The binary format is detected automatically.
- user mode (i386)
* ``qemu-i386`` TODO.
* ``qemu-x86_64`` TODO.
- user mode (Microblaze)
* ``qemu-microblaze`` TODO.
- user mode (MIPS)
* ``qemu-mips`` executes 32-bit big endian MIPS binaries (MIPS O32 ABI).
* ``qemu-mipsel`` executes 32-bit little endian MIPS binaries (MIPS O32 ABI).
* ``qemu-mips64`` executes 64-bit big endian MIPS binaries (MIPS N64 ABI).

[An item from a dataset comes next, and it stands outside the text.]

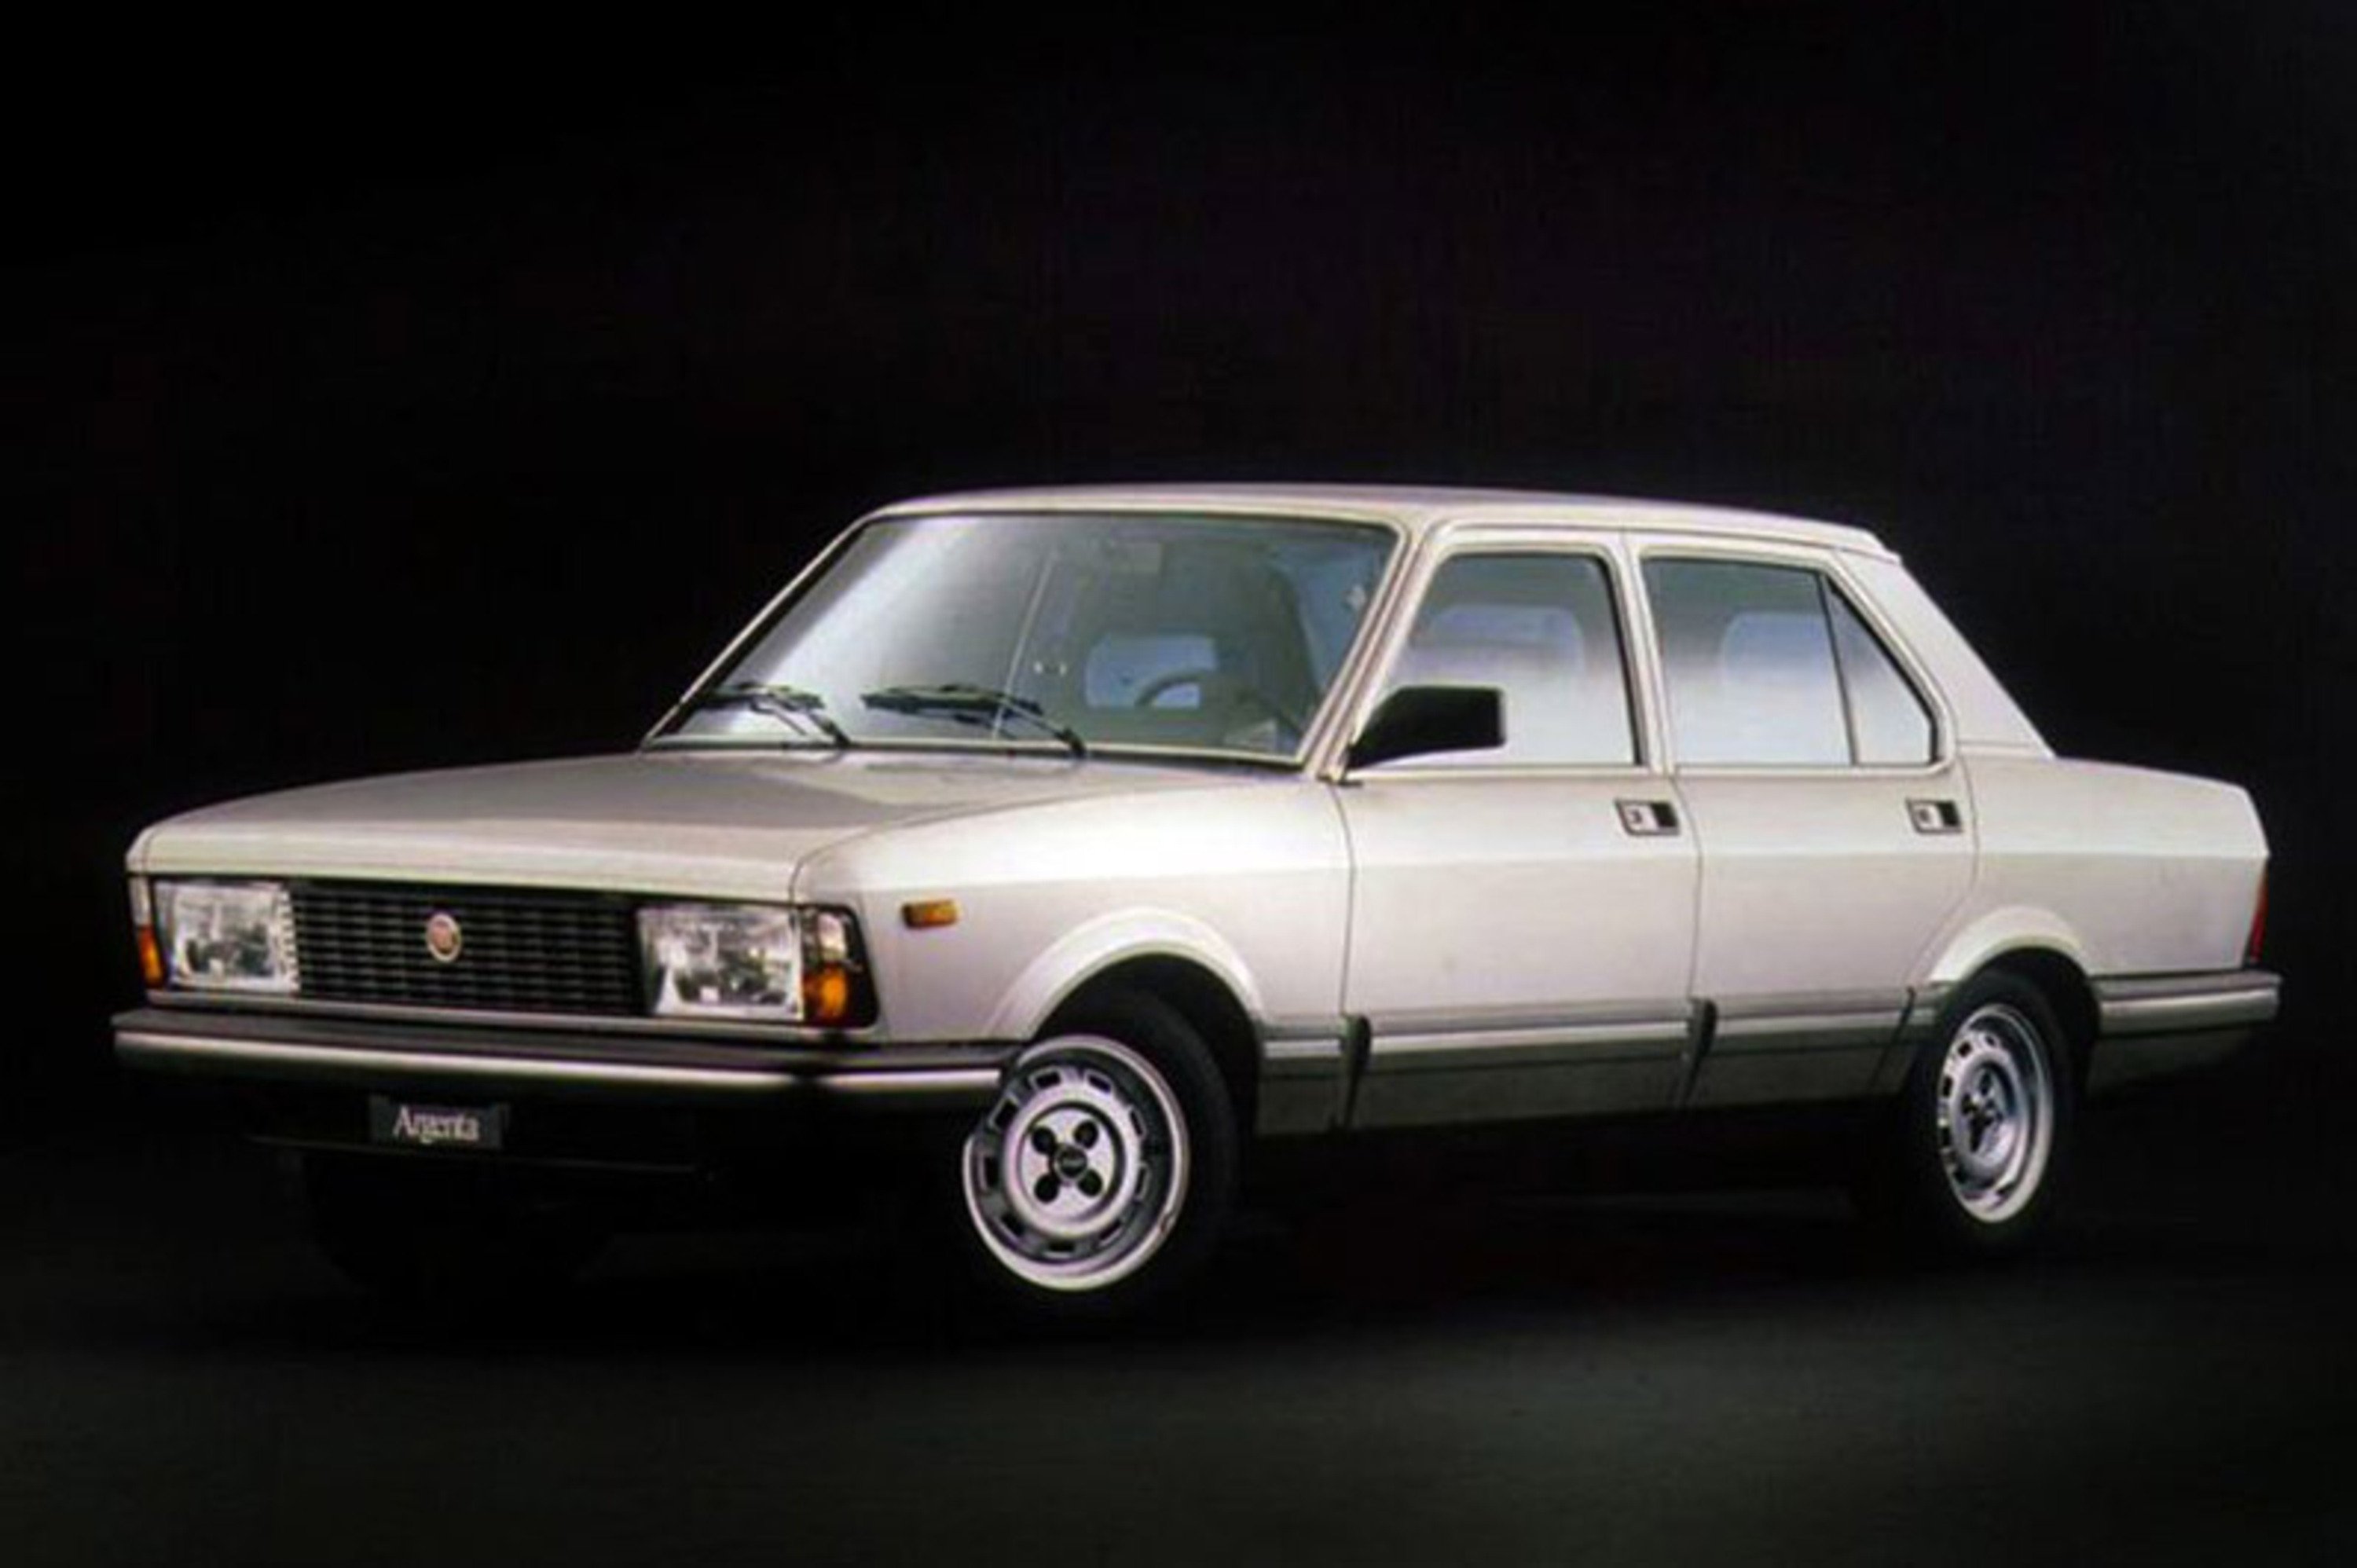 Fiat Argenta (1981-85)

* ``qemu-mips64el`` executes 64-bit little endian MIPS binaries (MIPS N64
ABI).
* ``qemu-mipsn32`` executes 32-bit big endian MIPS binaries (MIPS N32 ABI).

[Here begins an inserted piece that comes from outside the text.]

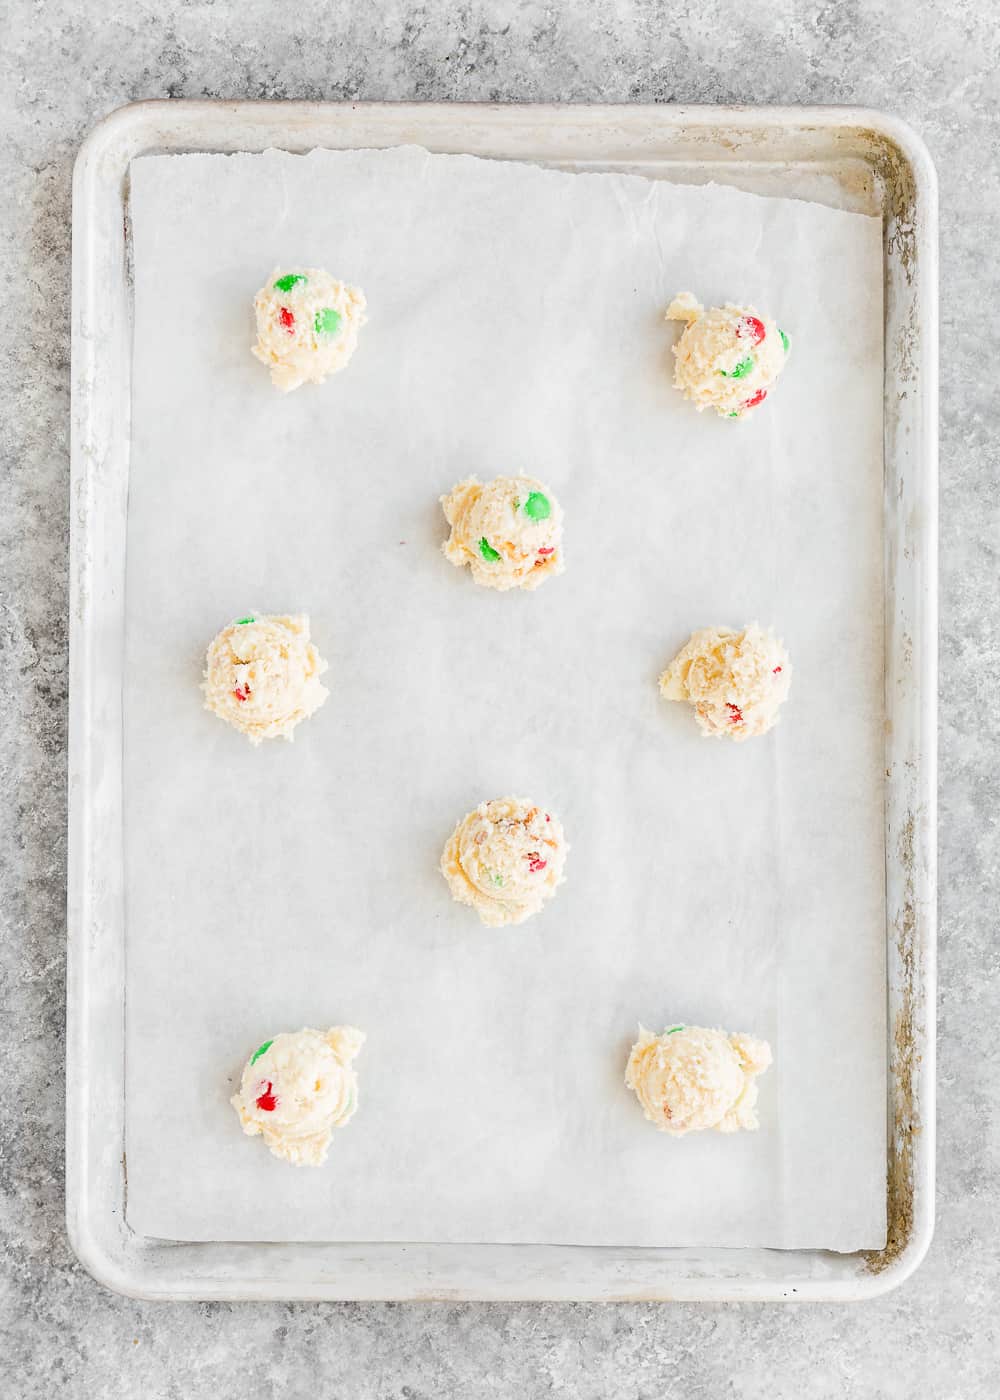 egg-free cookie dough balls on a baking sheet.

* ``qemu-mipsn32el`` executes 32-bit little endian MIPS binaries (MIPS N32
ABI).
- user mode (PowerPC)
* ``qemu-ppc64`` TODO.
* ``qemu-ppc`` TODO.
- user mode (SH4)
* ``qemu-sh4eb`` TODO.
* ``qemu-sh4`` TODO.
- user mode (SPARC)
* ``qemu-sparc`` can execute Sparc32 binaries (Sparc32 CPU, 32 bit ABI).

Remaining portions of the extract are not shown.